Я недооценил неотразимое обаяние славы. По счастью, вскоре меня окружили и принялись деятельно мне помогать сыны Израилевы, возвращавшиеся назад, выбив филистимлян из их опорных пунктов и разграбив их шатры. С радостными, поздравительными кликами они избавили меня от тяжестей, а самого усадили себе на плечи. С громкими восклицаниями, с победными песнями они втащили меня на гору, опустив на землю лишь в стане Сауловом. Саул, немного смущенный и озадаченный, смотрел на меня как-то странно, помаргивал слезящимися глазами, по-прежнему притворяясь, будто он ни разу в жизни со мной не встречался.
Скосясь на своего главнокомандующего, он спросил:
– Авенир, чей сын этот юноша?
– Я сын раба твоего Иессея из Вифлеема, – смело ответил я, не дав ответить Авениру, и замер в ожидании, с сердцем, колотящимся в горле.
Я получил, что хотел. Саул взял меня в свою армию.
Естественно, на всем возвратном пути в Гиву меня бурно приветствовали. А кого бы не приветствовали, сделай он то, что я сделал? Меня усадили на осла, возвысив над всеми, даже над Саулом, чтобы всякий мог меня видеть. Люди смотрели на меня во все глаза, и мне это было приятно. Щеки у меня пылали, шея моя была – как столп из слоновой кости, кудри волнистые, черные, как ворон, голова, как золото кованое. Вести о моей блестящей победе достигли города раньше нас. Мелхола нарумянила лицо свое и уселась у окна. Вообразите, какой вдвойне – да нет, втройне – благословенной ощутила она себя, когда я прошествовал мимо и она увидела, сколь я красив. Сам-то я не сознавал, какая у меня роскошная внешность. Я барахтался в счастье, точно свинья в грязной луже. Я помнил Создателя моего в дни юности моей и с любовью относился к тому, что Он создал, создавая меня!
4
Дни моей юности
То был лучший день моей жизни. Теперь каждый из них смахивает на худший. Во дворце моем дует из всех углов, и все равно он пропитан резкими, неприятными запахами.
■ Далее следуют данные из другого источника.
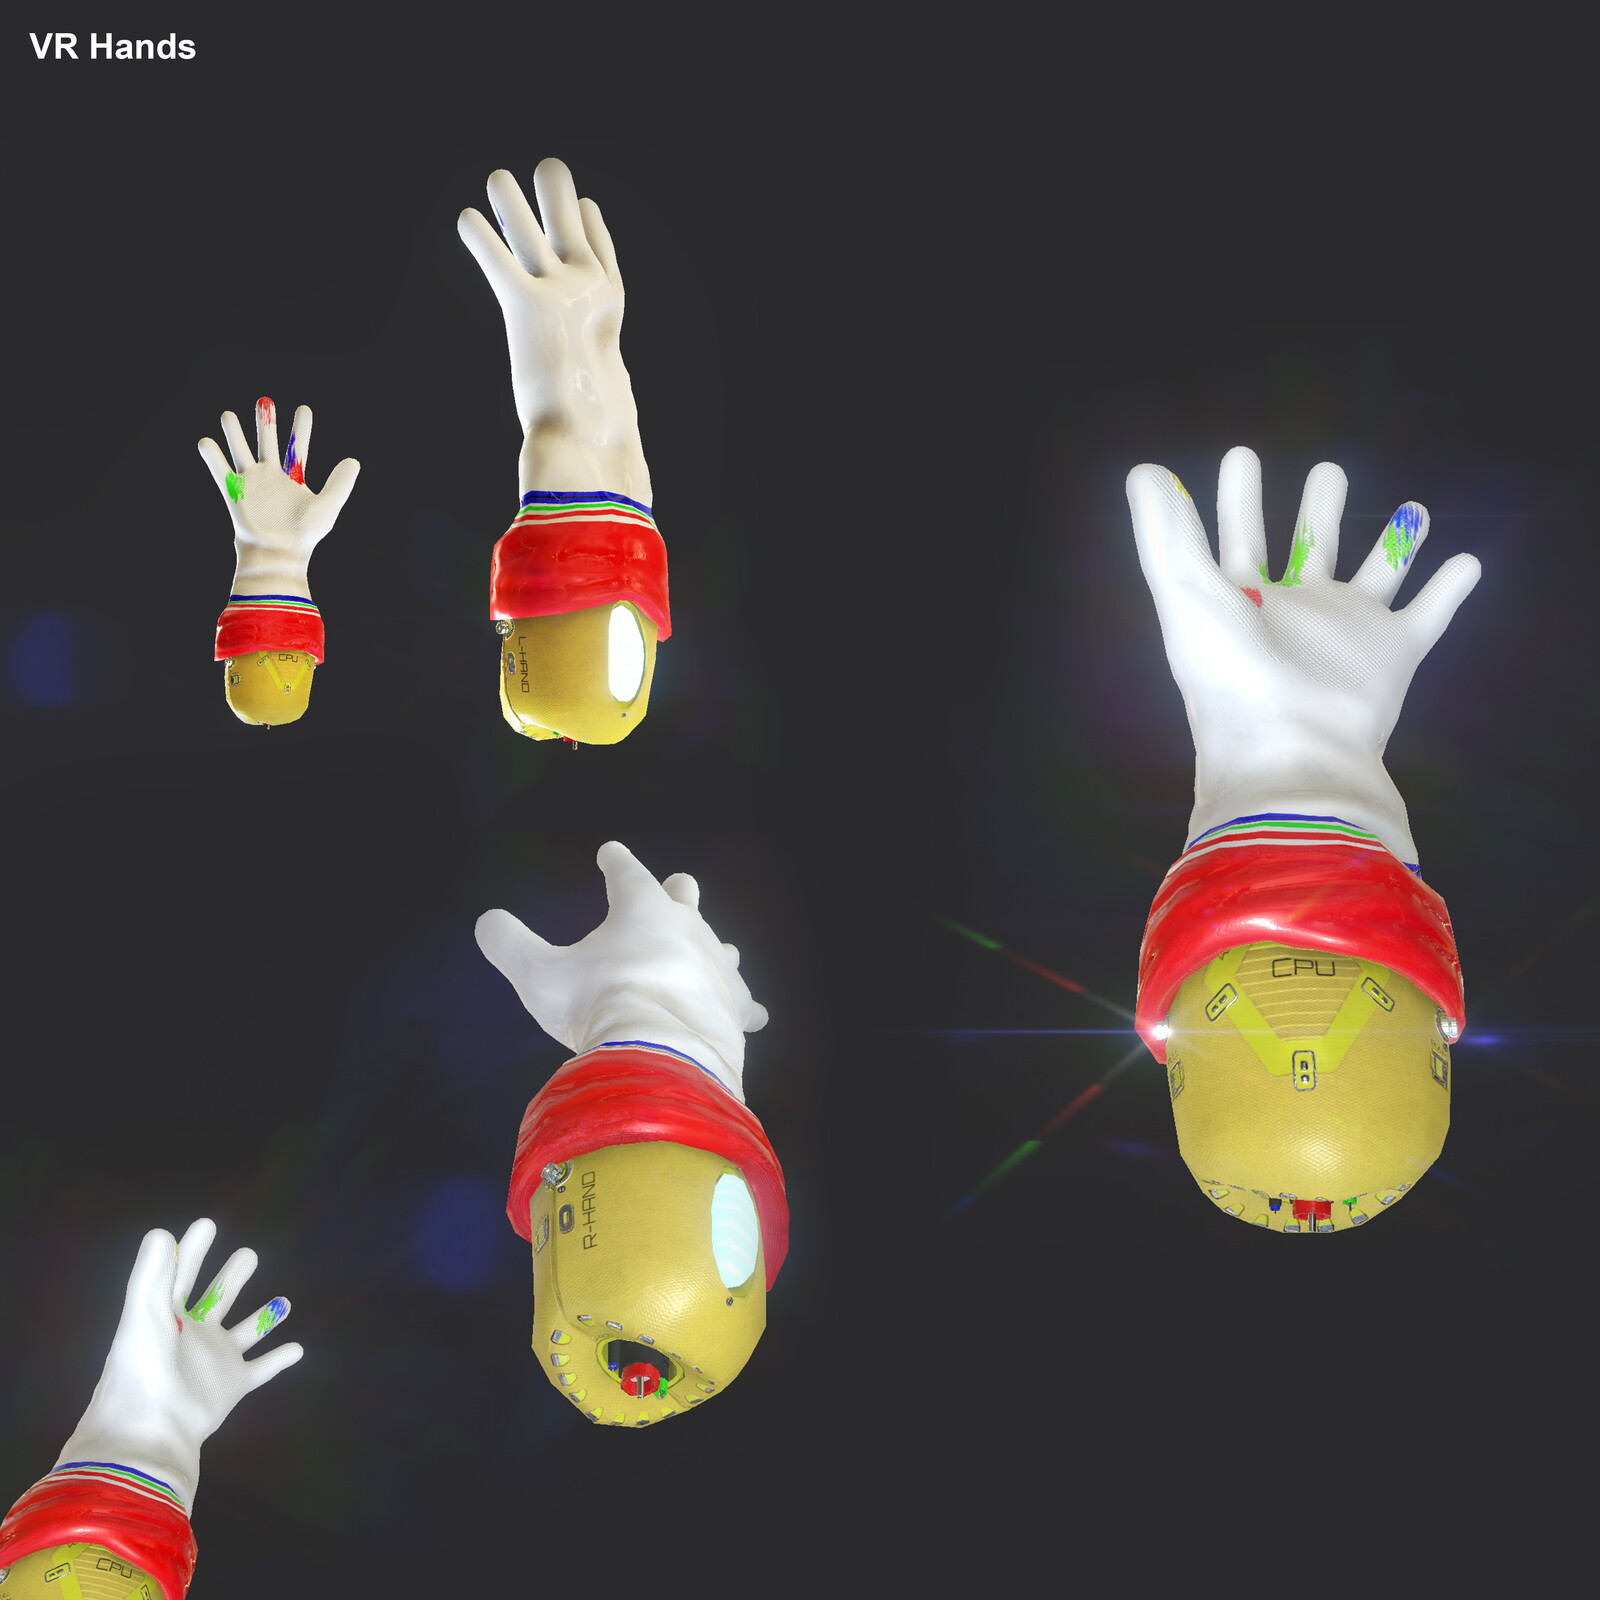 VR Hands concepts

На месте Адонии я бы первым делом продезинфицировал весь этот дерганый гарем. Меня веселит мысль, которая Вирсавии так до сих пор в голову и не пришла: она, как и весь гарем, достанется в наследство Адонии. Иное дело – судьба Ависаги, она меня заботит. Мне как-то не хочется, во всяком случае пока, чтобы она попала в чьи-либо руки, помимо моих. Такова уж любовь при начале ее – грозная, как полки со знаменами.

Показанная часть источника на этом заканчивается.